**EXERCISE INPUT:**
"""
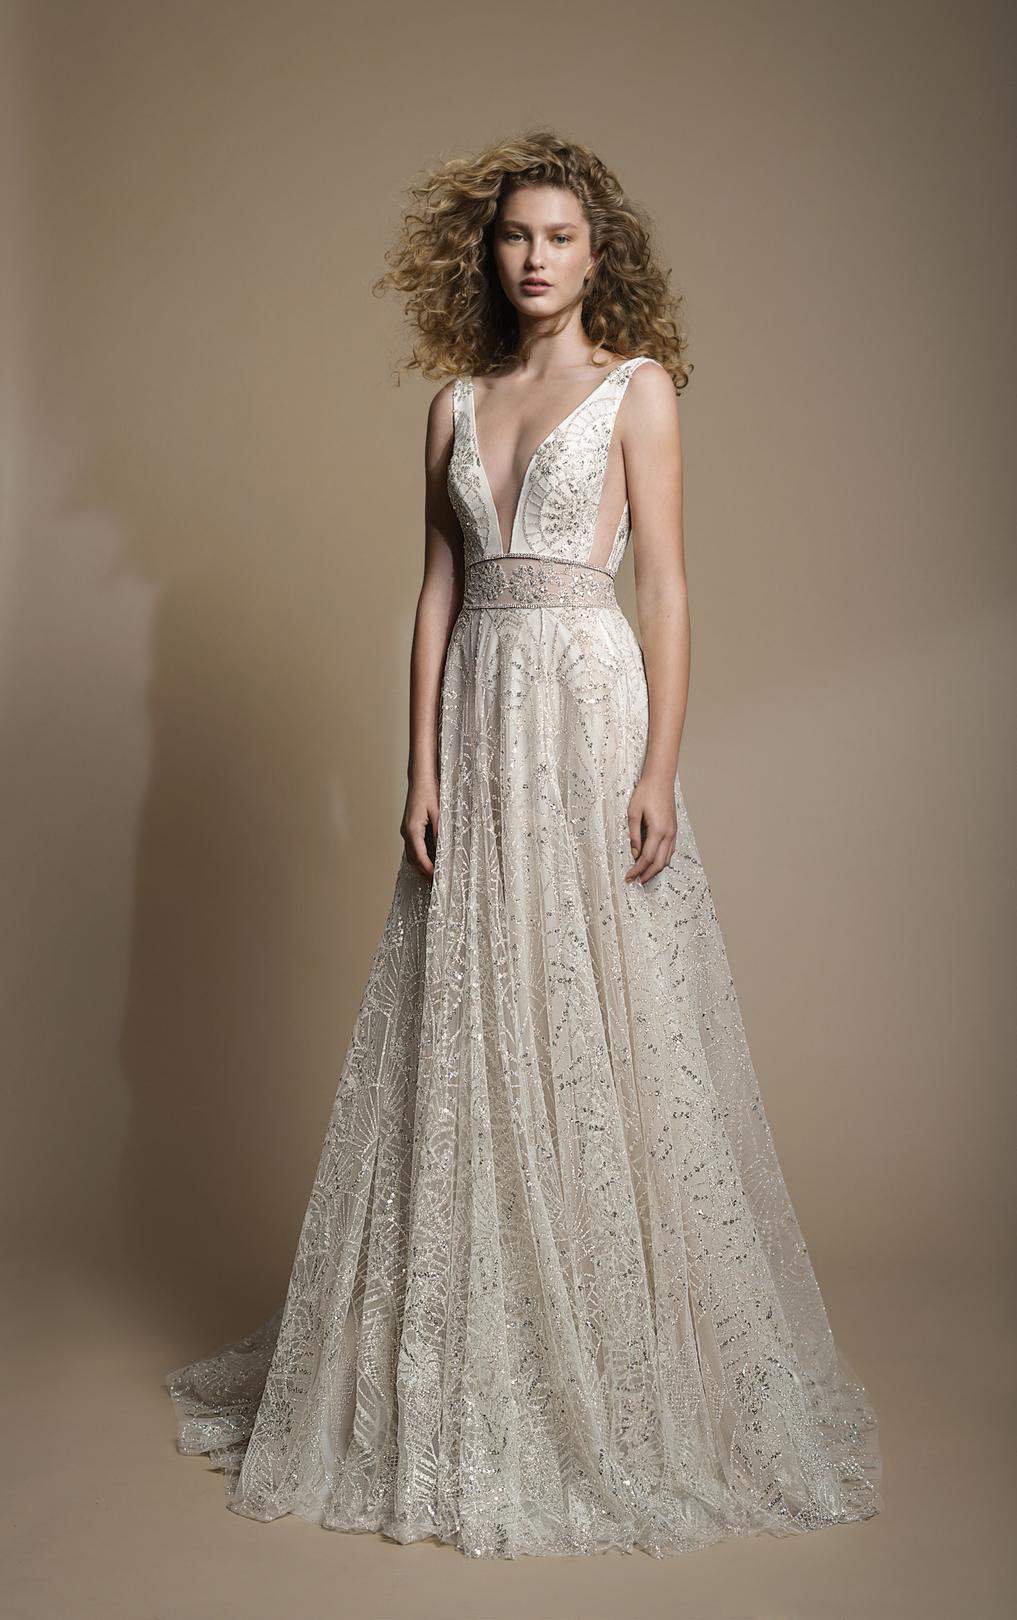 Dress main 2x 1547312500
"""
"""
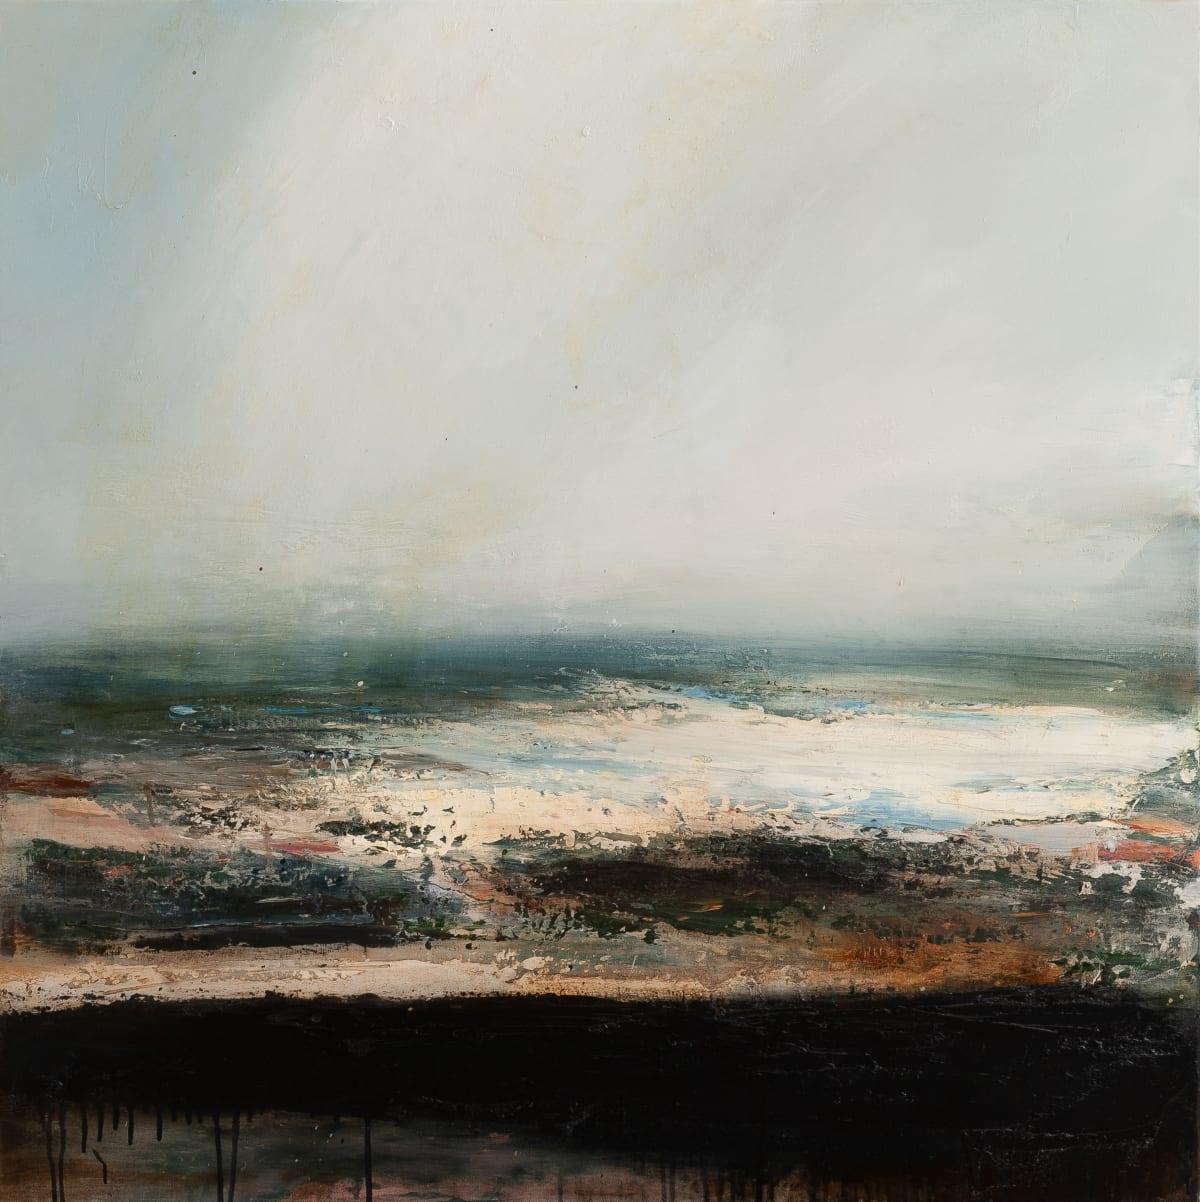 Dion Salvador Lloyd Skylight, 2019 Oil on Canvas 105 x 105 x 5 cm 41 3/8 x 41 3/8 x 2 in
"""
"""
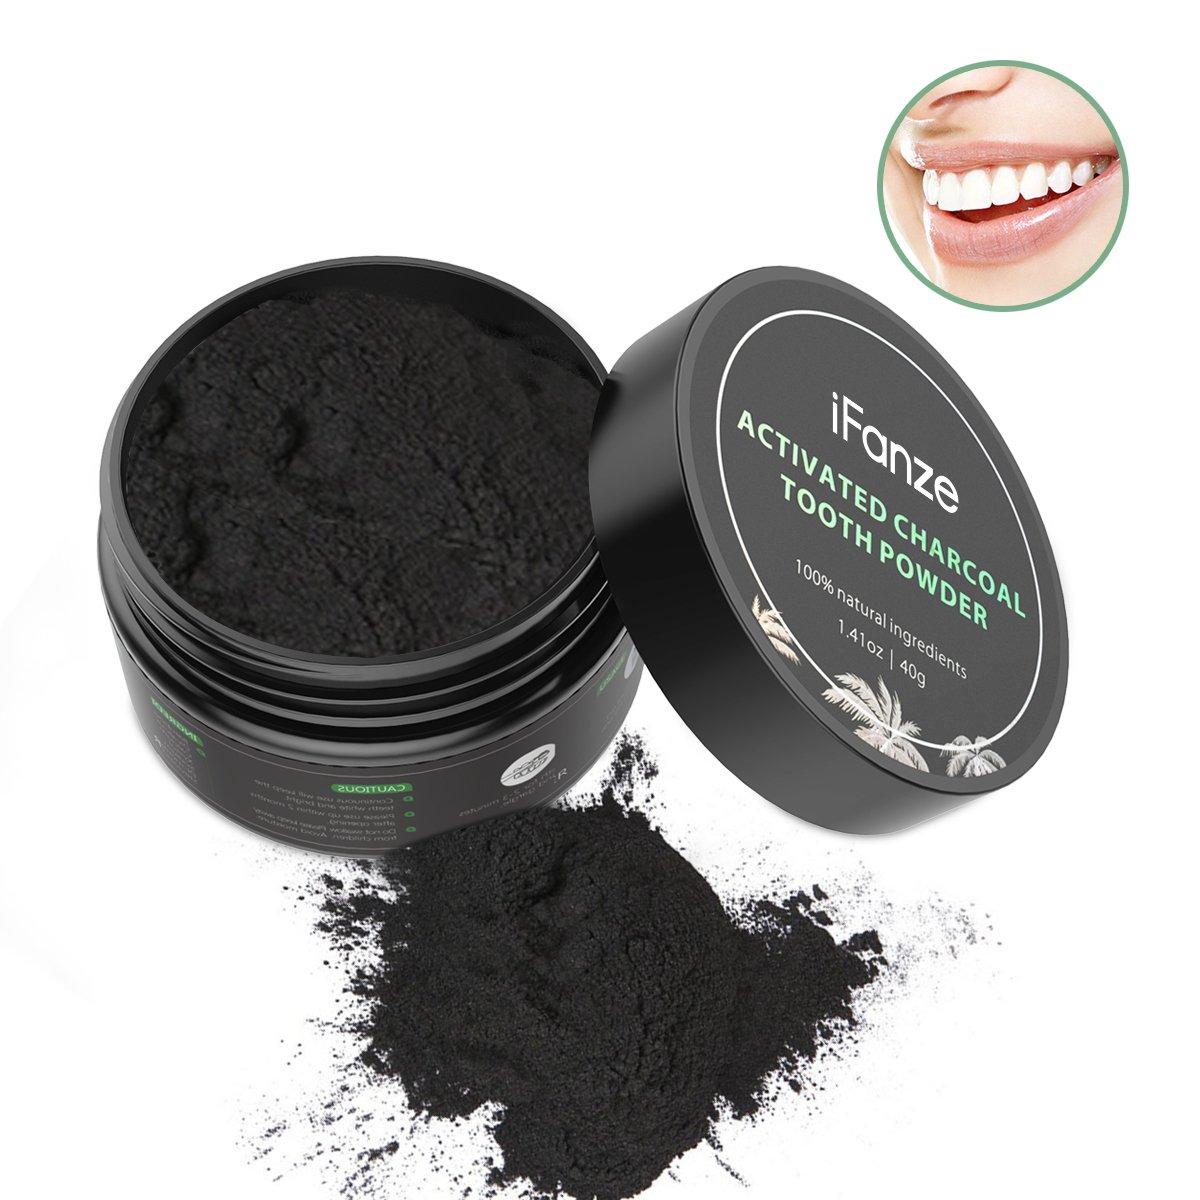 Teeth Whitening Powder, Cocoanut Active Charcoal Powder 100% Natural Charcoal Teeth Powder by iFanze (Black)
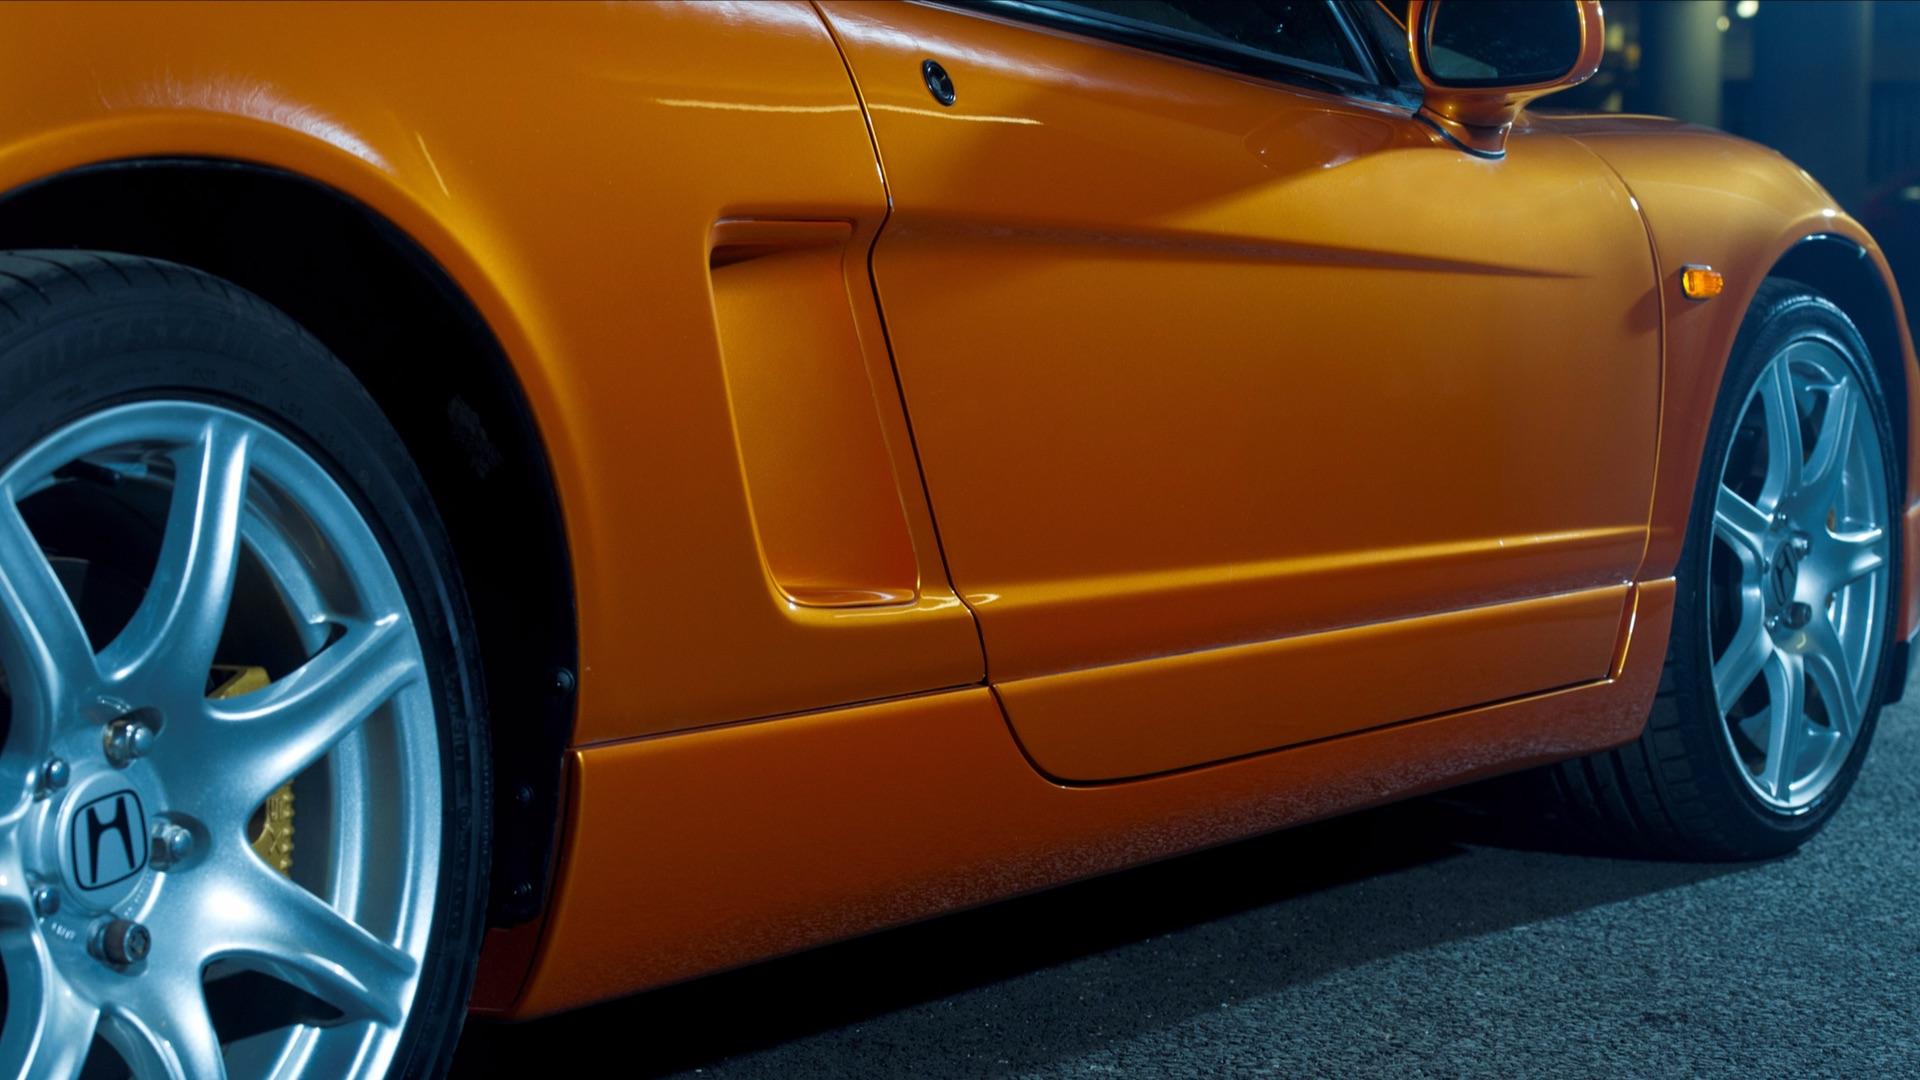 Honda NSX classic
"""
Reproduce the listing above exactly from the line containing "Teeth Whitening Powder, Cocoanut" up to and including the line containing "Honda NSX classic", omitting any images and everything outside those lines.

 Teeth Whitening Powder, Cocoanut Active Charcoal Powder 100% Natural Charcoal Teeth Powder by iFanze (Black)
 Honda NSX classic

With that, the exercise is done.